Given data ::

┄┄┄┄┄┄

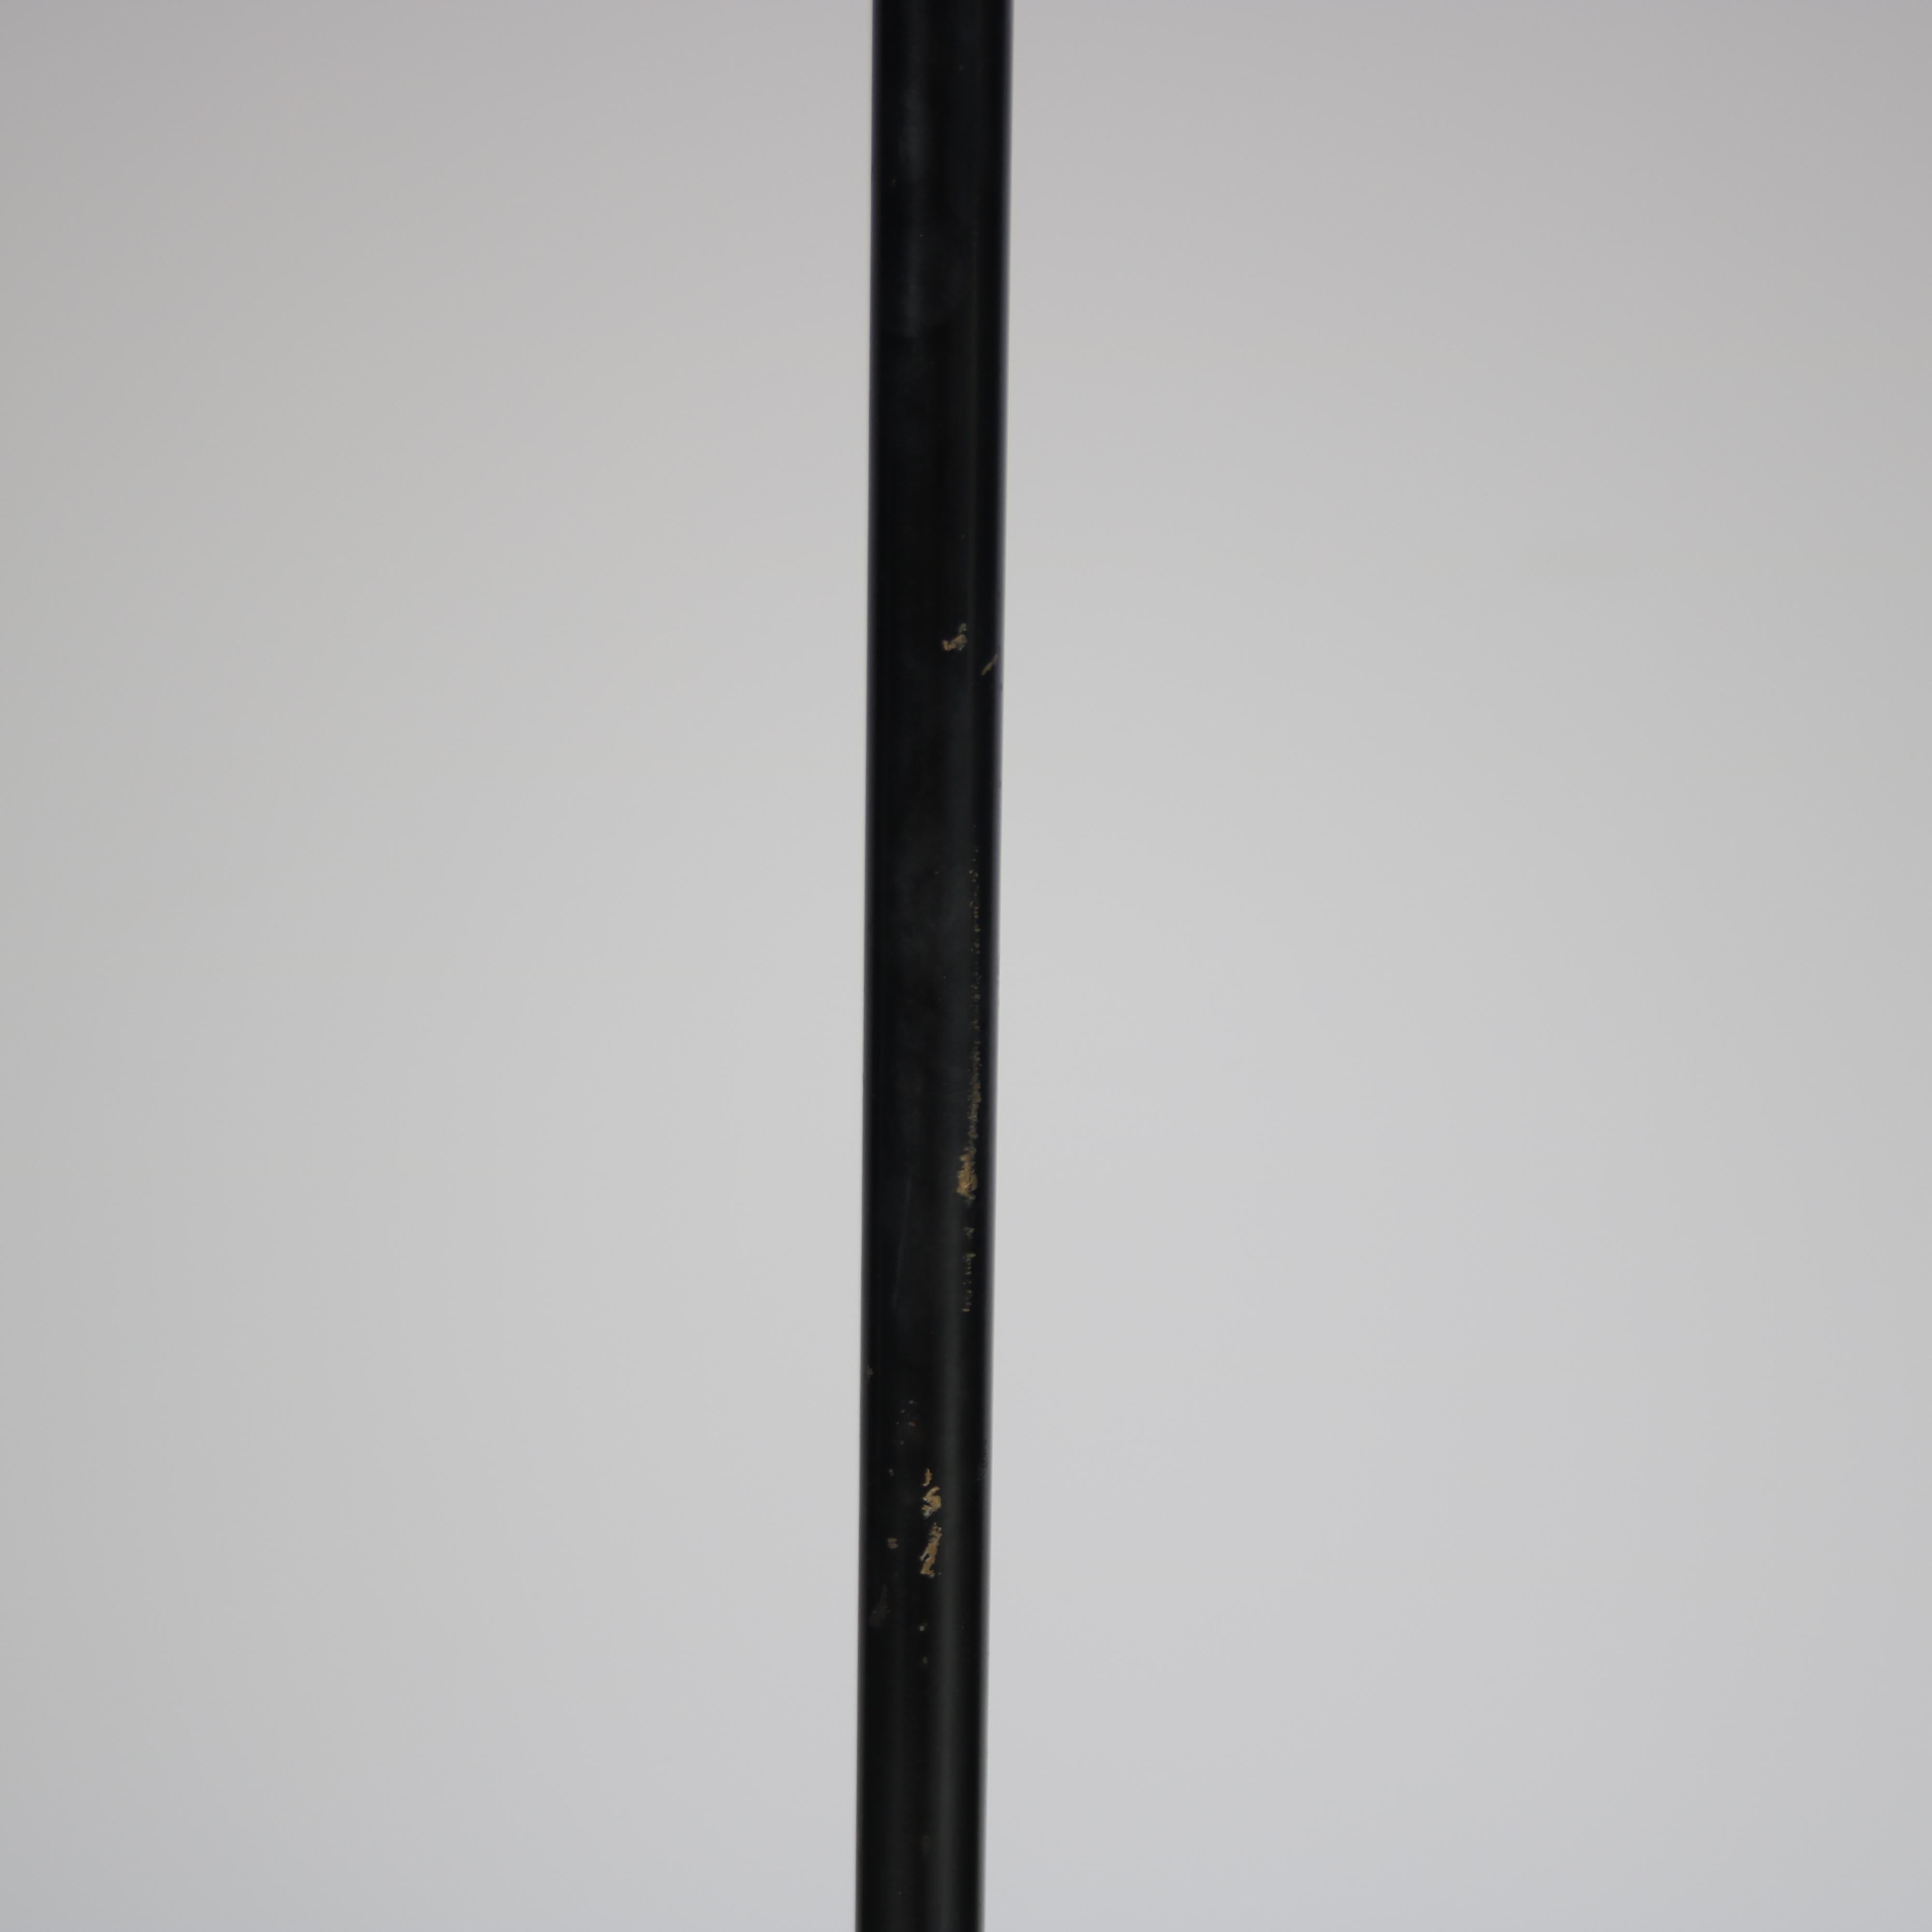 Gino Sarfatti Floor Lamp for Arteluce, Italy 1950 For Sale 4
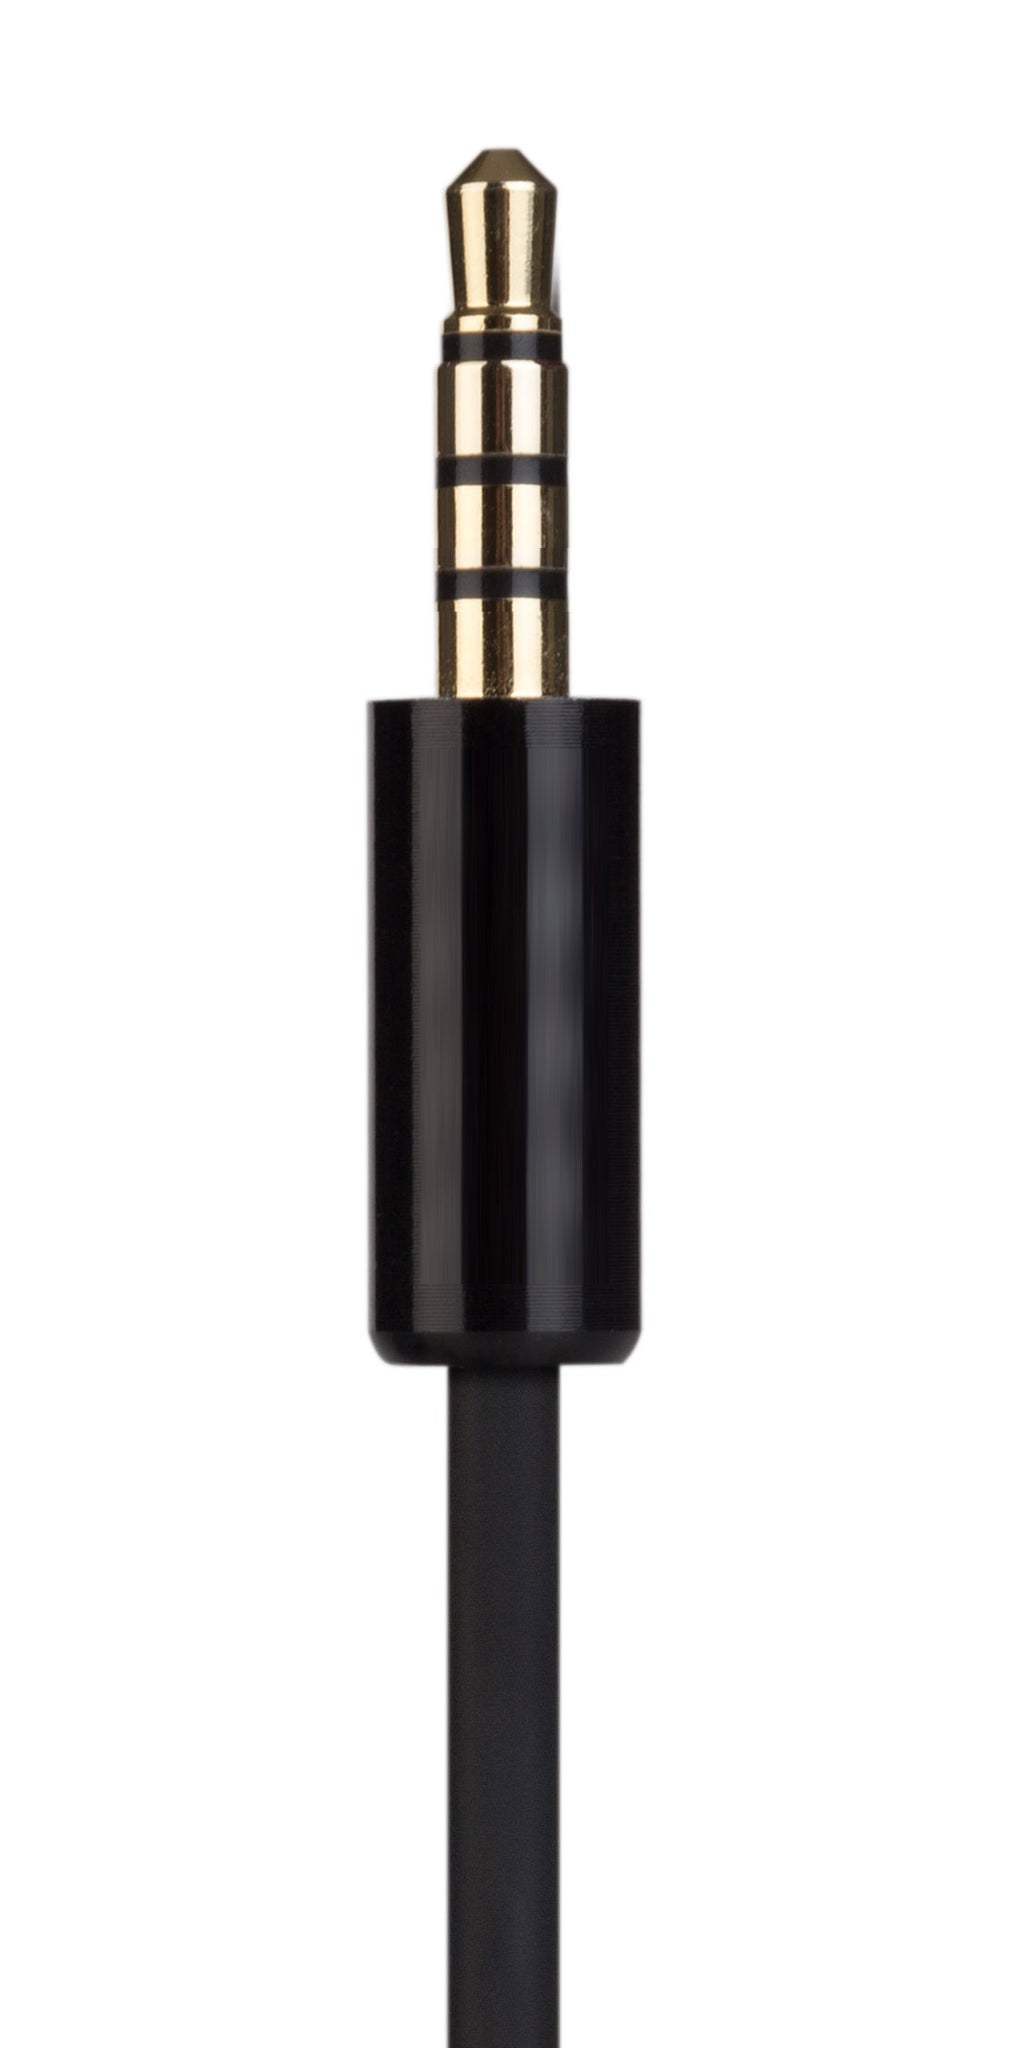 Edifier P841 Premium Headphones With Microphone - Black
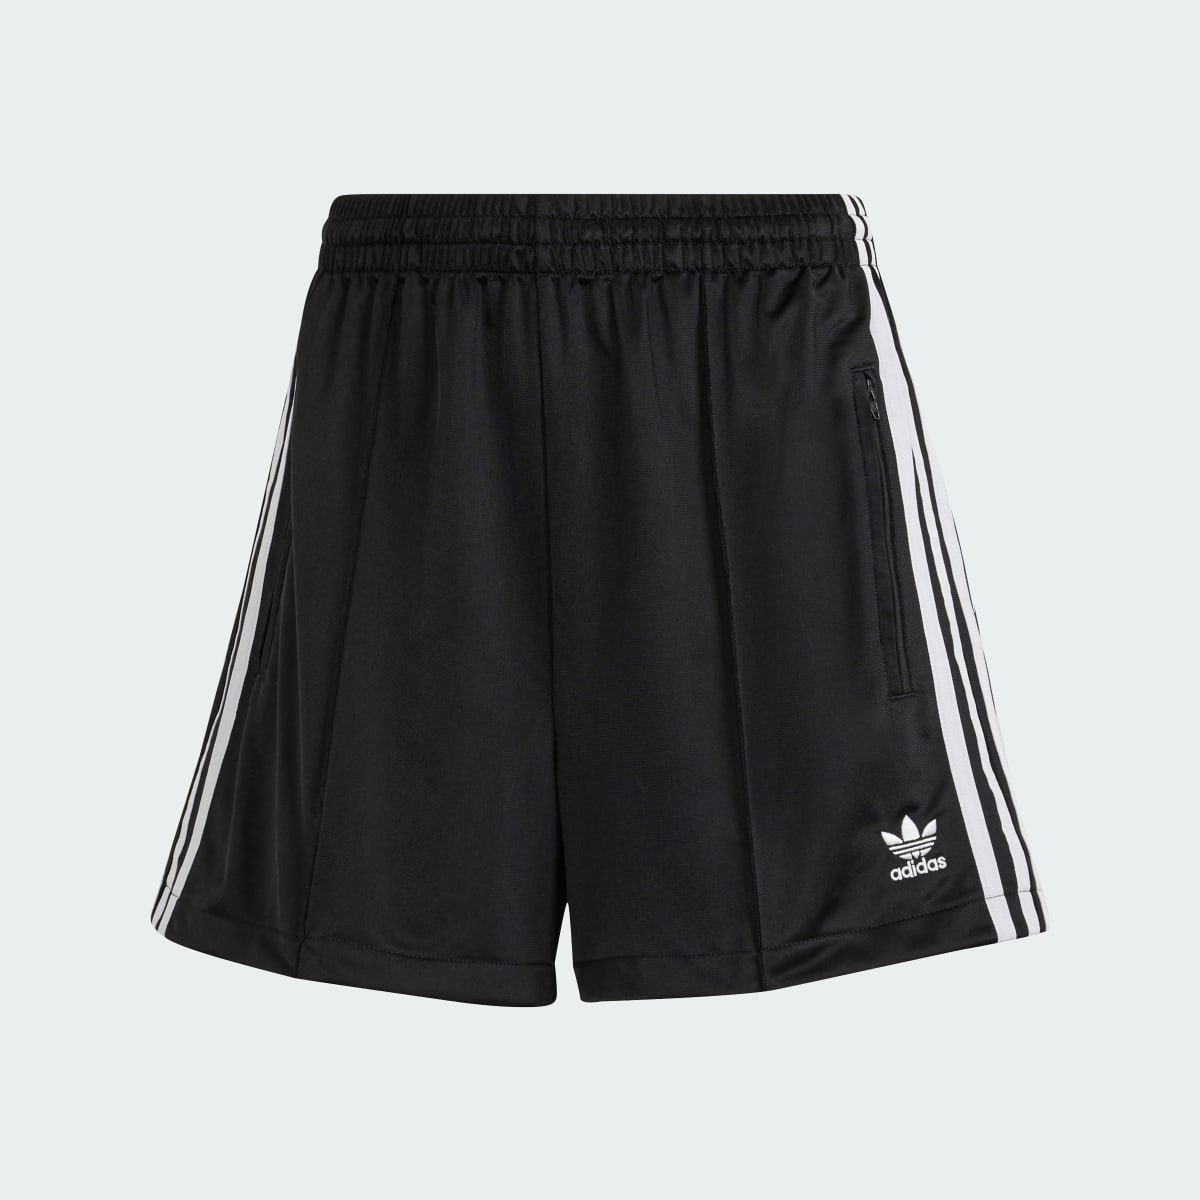 Adidas Firebird Shorts. 4

┄┄┄┄┄┄

Problem statement :: Everything from the line with "Edifier P841 Premium" through the last line of the listing should be retyped exactly, with both end lines kept and the pictures left out.

Response box ::
 Edifier P841 Premium Headphones With Microphone - Black
 Adidas Firebird Shorts. 4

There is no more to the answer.